Most adults have experienced insomnia or sleeplessness at one time or another in their lives. However, some of the general population have chronic insomnia.
Insomnia is a symptom, not a stand-alone diagnosis or a disease. By definition, insomnia is "difficulty initiating or maintaining sleep, or both" or the perception of poor quality sleep. Insomnia may therefore be due to inadequate quality or quantity of sleep. Insomnia is not defined by a specific number of hours of sleep that one gets, since individuals vary widely in their sleep needs and practices. Although most of us know what insomnia is and how we feel and perform after one or more sleepless nights, few seek medical advice. Many people remain unaware of the behavioral and medical options available to treat insomnia.

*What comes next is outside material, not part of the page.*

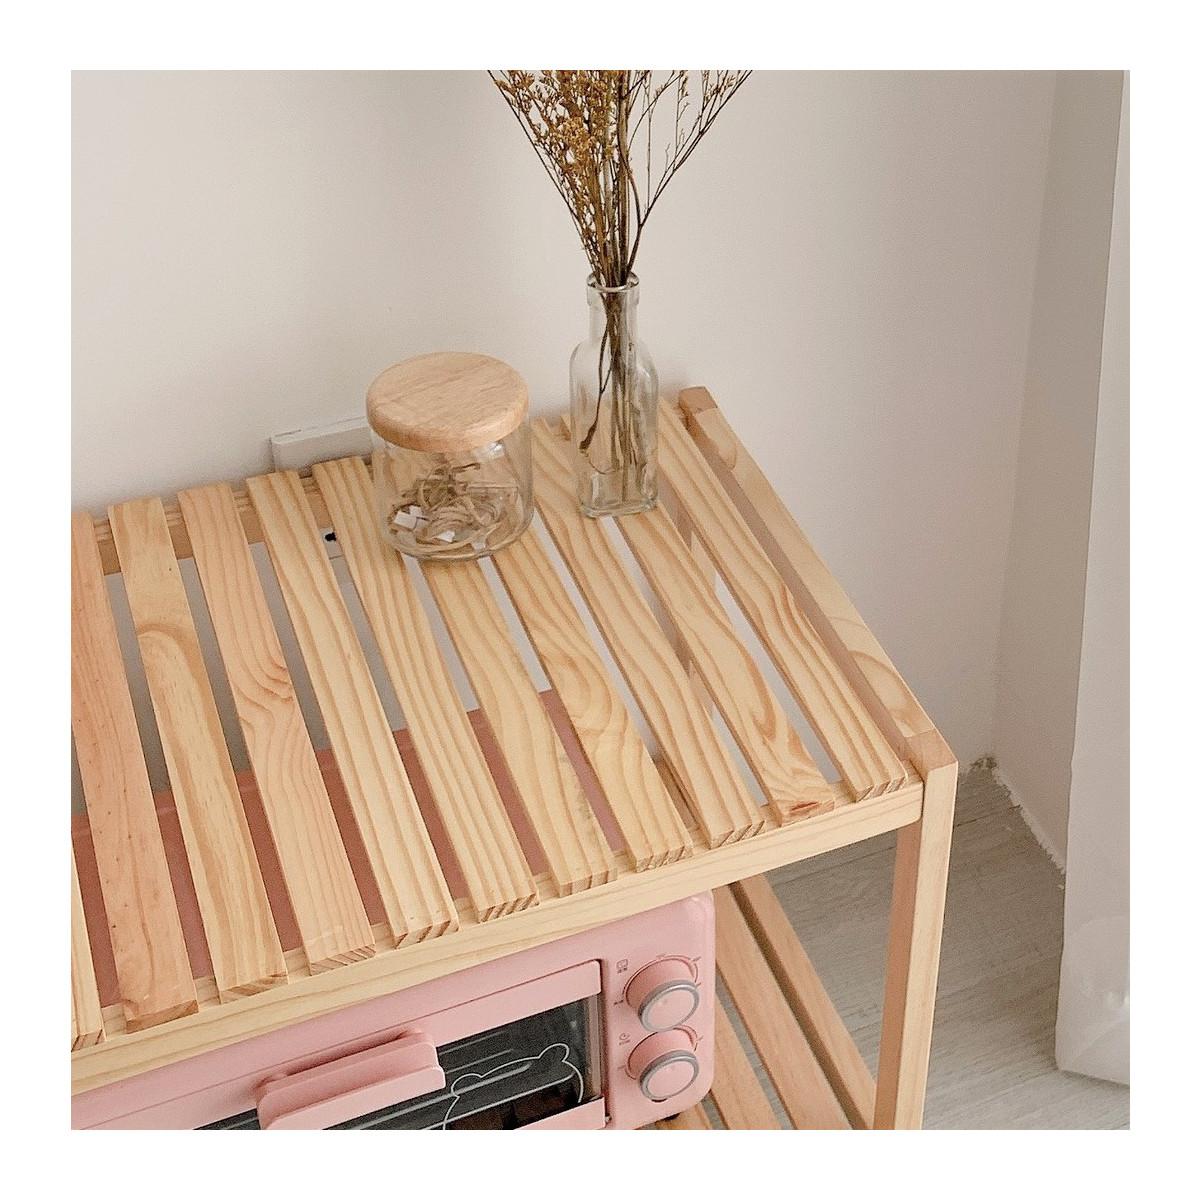 Giá kệ gỗ lò vi sóng Diwali hình chữ nhật 3 tầng đa năng dài 66cm rộng 40cm cao 86cm - Gỗ thông NewZealand - Màu vàng nhạt - Có vân gỗ đẹp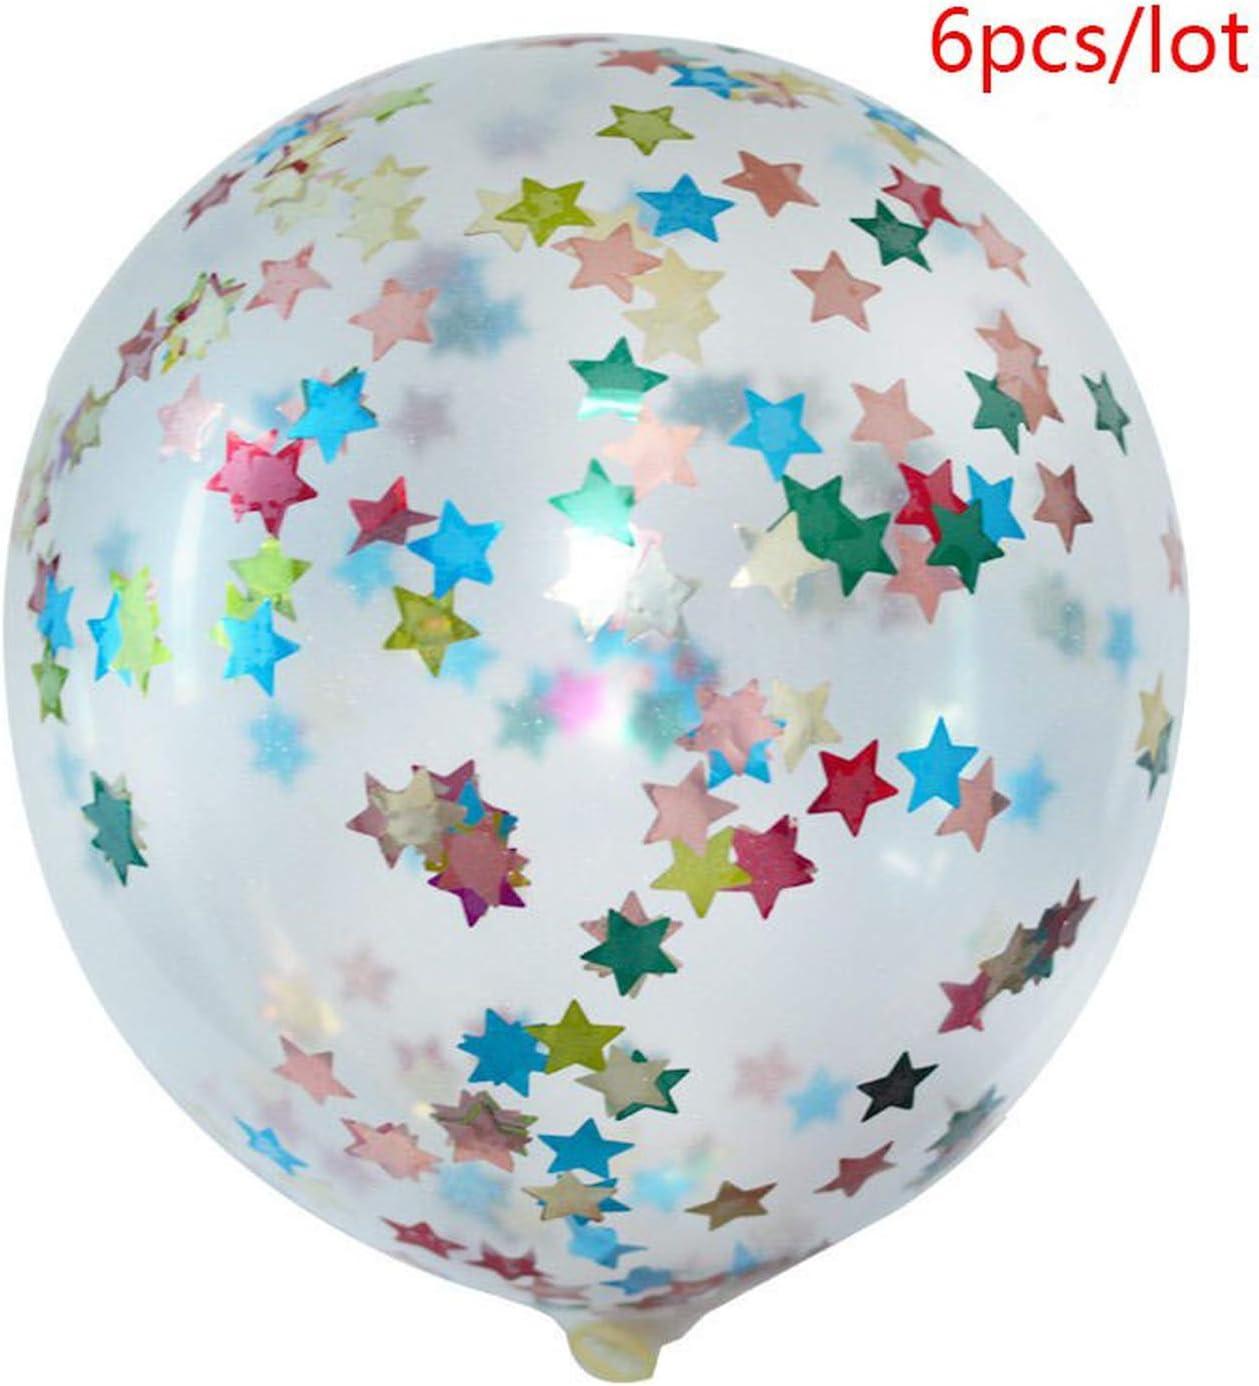 Bolones de ducha nupciales de cumpleaños | Letra Globos de Foil España Feliz Cumpleaños Feliz cumpleaños Balón de fiesta de cumpleaños decoración infantil bolas de ducha mélange 6pcs étoiles: Amazon.es: Hogar

Insomnia is generally classified based on the duration of the problem. Not everyone agrees on one definition, but generally:
- symptoms lasting less than one week are classified as transient insomnia,
- symptoms between one to three weeks are classified as short-term insomnia, and
- those longer than three weeks are classified as chronic insomnia.
Statistics on Insomnia
Insomnia affects all age groups. Among adults, insomnia affects women more often than men. The incidence tends to increase with age. It is typically more common in people in lower socioeconomic (income) groups, chronic alcoholics, and mental health patients. Stress most commonly triggers short-term or acute insomnia. If you do not address your insomnia, however, it may develop into chronic insomnia.
Some surveys have shown that about a third of Americans reported difficulty falling asleep during the previous year and a significant percentage reported problems with long standing insomnia. There seems to be an association between depression, anxiety, and insomnia. Although the nature of this association is unknown, people with depression or anxiety were significantly more likely to develop insomnia.